I’ve also had friendships end like a bad car accident. Like the car, the friendship is completely totaled and beyond repair.
Not all friendships that ended stay that way forever.
So many past friendships are just a phone call — or even a text message — away from being rekindled, even those that ended years ago.
There’s a saying that comes from a famous poem that says friendships are either for a season, a reason, or a lifetime. It stands true until today.
It only took me 50-plus years of my life to finally understand the true meaning of this saying.
When I was a kid in summer camp, I thought my cabin mates would be my friends forever.
As I graduated from high school, I thought my besties would always be a part of my life.
While married, I was certain that the wives I hung out with regularly would be in my social circle forever.
But people change. They move on, and sometimes, they move away.
I’ve done my fair share of moving on and away from friendships myself, and it truly did end many of them permanently.
My attention was focused on my new environment, creating new connections, and building new support systems in the new environment.
Part of this is a survival instinct, but it’s also human nature.
Humans are social creatures. We crave and need connection with other human beings to feed our soul and well-being.
Now, more than ever, with this past year of isolation and social distancing, the importance of being connected with others is amplified for everyone.
I can’t tell you how many friendships I’ve rekindled over the years not even realizing that that was what I was doing. I truly was just feeding my curious soul for contact with someone from my past.
Here are 4 ways to get started rekindling a long-ended friendship.
1. Use your social networks.
This is like shooting fish in a barrel!
Everyone has sent a friend request to someone they know from their childhood through their social network at some point.
Maybe that’s where the re-connection ended — you’re now “socially networked.” But that’s not really friendship.
Friendship requires interaction and communication. It’s what you do with this new networked connection that rekindles the friendship.
2. Send a message and then get on the phone.
Test the waters with messaging then ask to get on the phone.
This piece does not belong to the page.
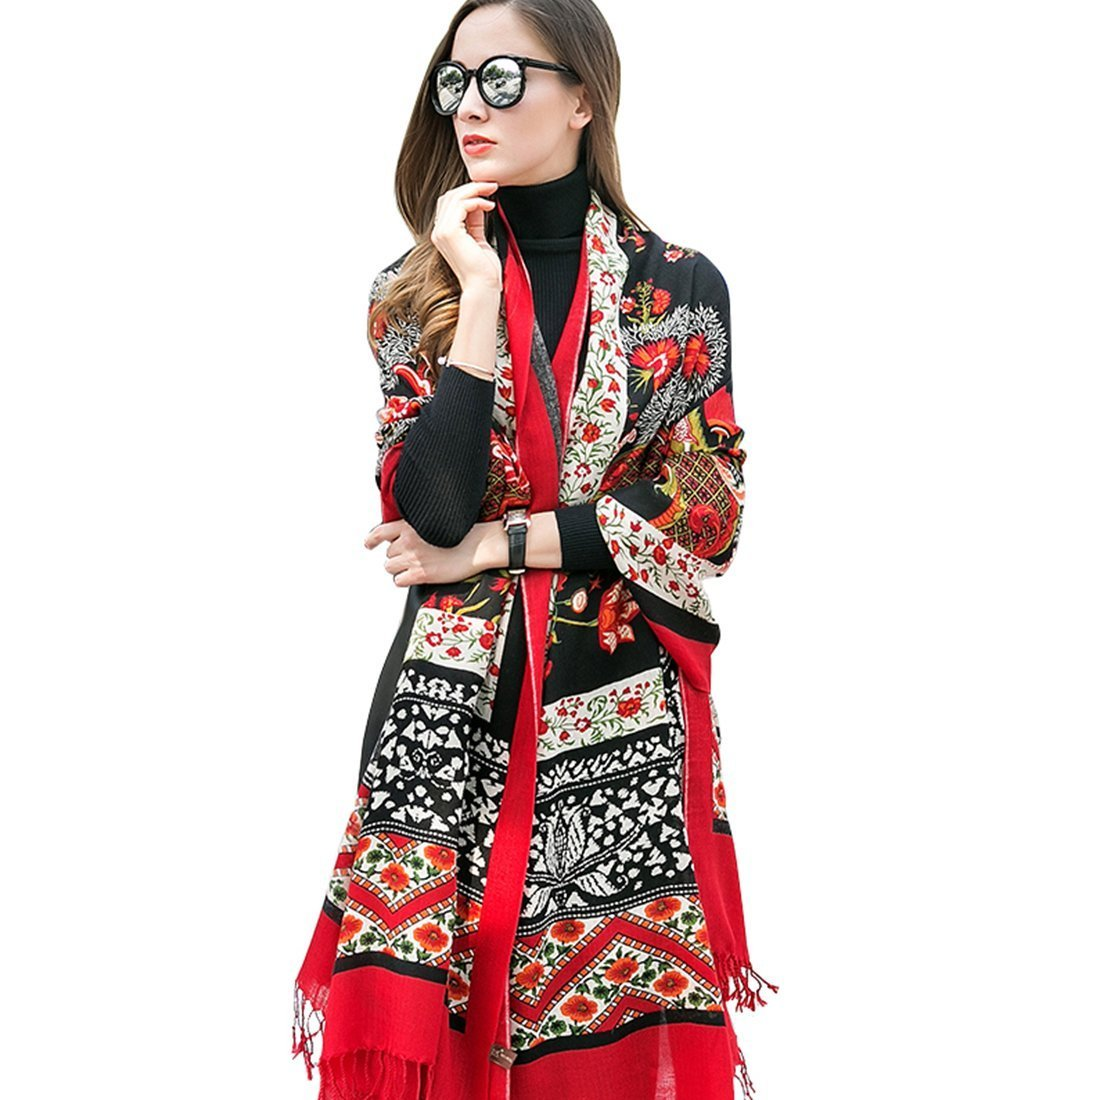 DANA XU 100% Pure Wool Women Scarf Large Size Pashmina (Red)

Catching up with each other and bantering about what’s been going on in your lives over the years is one of the quickest ways to rekindle a friendship.
I find these conversations can last well over an hour — they’re full of memories, laughter, and even tears sometimes.
3. Use professional networking.
I left corporate in 2014 but considered many of the people I worked with over the years to be much more than just my peers — they were my friends.
I learned, when I left, that they were friends for a reason — a shared industry, client, goal, etc. When I left the industry, many of these friendships simply disappeared. Poof!
Through the years, as I purged my database of contacts, there were some that I didn’t want to delete.
For whatever reason, our connection was more than professional — they mentored me or I mentored them, or I simply think that one day, there may be a reason or opportunity to reconnect with that person.
I’ve reached out to many of these through my professional network, and we’ve developed friendships on a very new and rewarding level.
My old boss, the president of the company I left in 2014, has become a very dear friend who I see just once a year, but we speak at least every six months. That’s a friendship I cherish.
An old employee who worked for me back in the early 2000s I hadn’t heard from in years, reached out to me about six months ago to let me know she was moving to the area I moved to.
She’s finally settled in and we’re meeting for the first time in many, many years. I can’t wait! She was always a joy, and I’m looking forward to rekindling our relationship and building a new and modern friendship.
4. Make them a destination.
Having traveled a good part of the world in my youth and first career, I know people all over the world. Do I consider them friends?
Many of them were seasonal friends — friends for the time our lives intersected. Now, when I’m preparing to travel, I go through my address book and reach out to them if I will be going through their city.
This always rekindles the friendship, like no time at all has passed.
Even though I may only see them again for the duration of a meal as I pass through their city, our rekindled friendship fulfills my need for human connection. My comfort in knowing I can call them a friend, regardless of how long it has been, is magical.
Do these re-connections automatically rekindle a friendship? Nope, that’s up to you and your friend to make sure the kindle catches fire.
Friendships are relationships. They require nurturing and effort from both parties. If the effort is not put in, the friendship will most likely not endure.
What has been your experience in rekindling old friendships?